Closed Bug 697041 Opened 8 years ago Closed 8 years ago

about:memory perturbs what it is measuring

Categories

(Toolkit :: about:memory, defect)

defect
Not set

Tracking

()

RESOLVED DUPLICATE of bug 698846

People

(Reporter: njn, Assigned: njn)

References

(Blocks 1 open bug)

Details

(Whiteboard: [MemShrink:P2][see comment 6 and on])

Spun off from bug 697038, where RSS feeds were found to use several MB of xpconnect native thingies.  See attachment 569293 [details] for relevent DMD output.
Blocks: DarkMatter
Depends on: DMD
bholley, can you take this?  I can help you with how memory reporters work.
Assignee: nobody → bobbyholley+bmo
Whiteboard: [MemShrink] → [MemShrink:P2]
A lot of these look string related, not XPCWrappedNative related.
Summary: Add memory reporters for xpconnect native thingies → Add memory reporters for xpconnect thingies
(In reply to Nicholas Nethercote [:njn] from comment #1)
> bholley, can you take this?  I can help you with how memory reporters work.

So, I think this stuff might be a red herring.
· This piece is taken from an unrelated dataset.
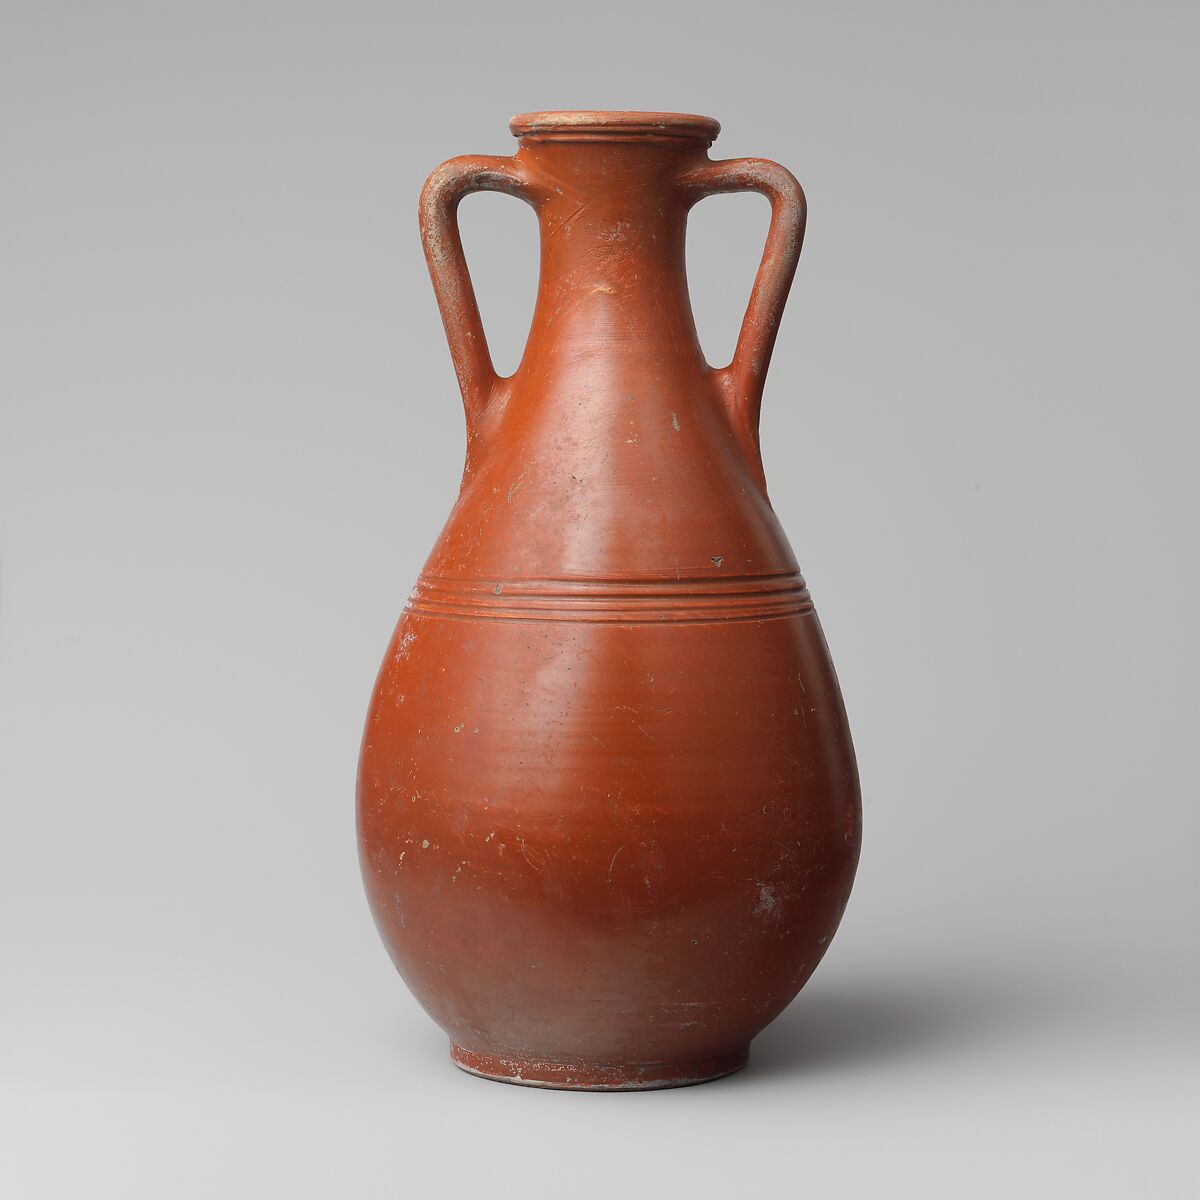 Terracotta amphora (jar), Terracotta, Roman

Most of the big allocations here are coming through XPCConvert, which we use to transform parameters from JS->C++ or C++->JS during method call.
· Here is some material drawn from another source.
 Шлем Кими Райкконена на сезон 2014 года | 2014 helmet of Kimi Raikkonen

The important thing to note is that these allocations are very ephemeral. Assuming we're not straight-up leaking, all of these allocations get freed by the time CallMethod returns. They're heap-allocated, since we don't know what we'll need at compile time, but they have stack scope.

So if the point of the memory reporters is to find memory we're holding onto, this won't be very much help. It would also be quite a lot of code, because XPConnect does these sorts of mallocs all over the place. :-(
How epheneral?  DMD analyzes the heap at a particular point in time.  Maybe I just got lucky and hit a point in time where lots of ephemeral stuff happened to be alive?  I'll do some more profiling, see how common these are.  I did see the heap-unclassified number bouncing around a lot.
(In reply to Nicholas Nethercote [:njn] from comment #4)
> How epheneral?

They should disappear by the time the call returns.
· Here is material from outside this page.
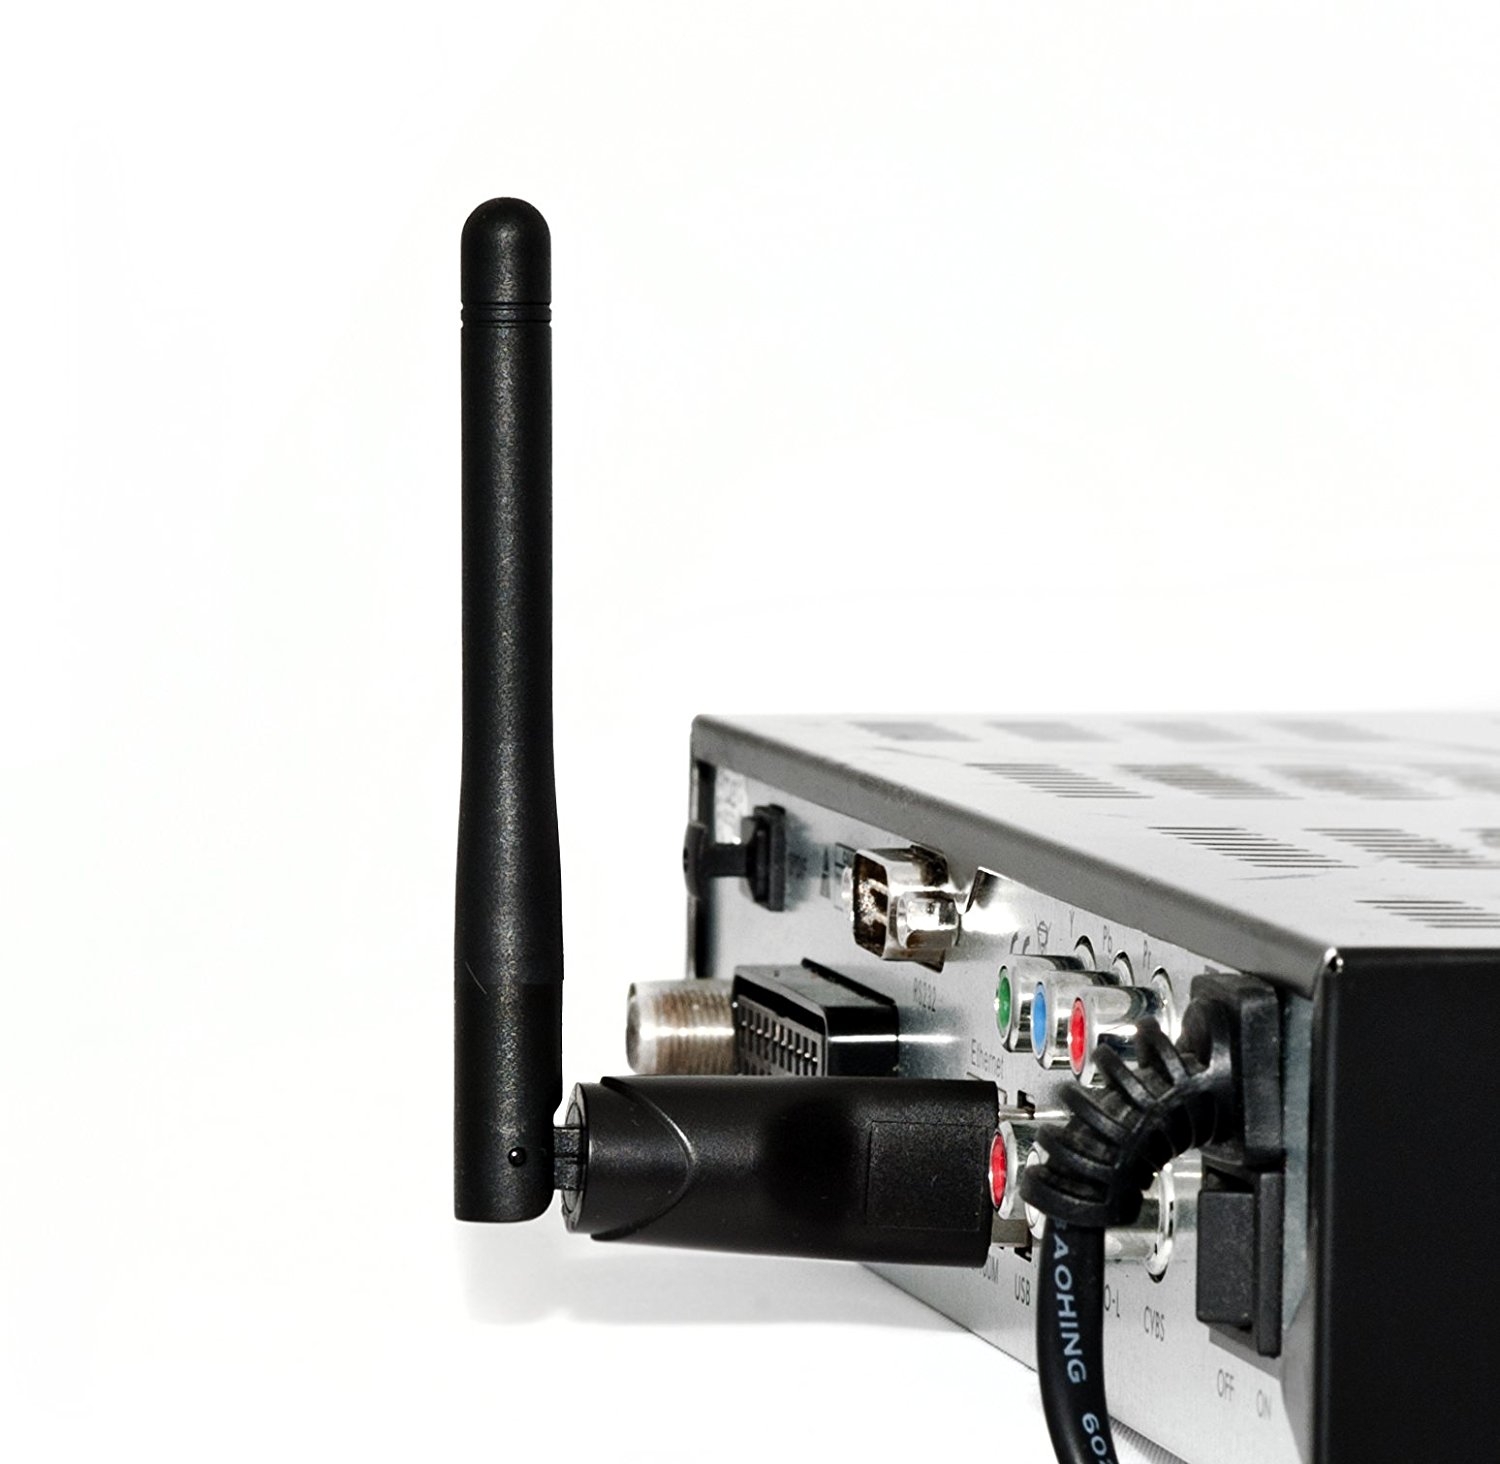 Ferguson W03 Wifi USB Wlan Stick mit Antenne 802.11 B/G/N

I'm seeing both a JS->C++ and C++->JS method call here. Assuming there's only one thread involved, that would imply that you're calling into a JS-implemented component (where, interestingly enough, we use two wrappers rather than none). Does that make sense in this context?
So I just looked at three old DMD profiles I had lying around;  one was with 5 gmail tabs open, one was with various sites open, and one was with a single huge hg.mozilla.org log open.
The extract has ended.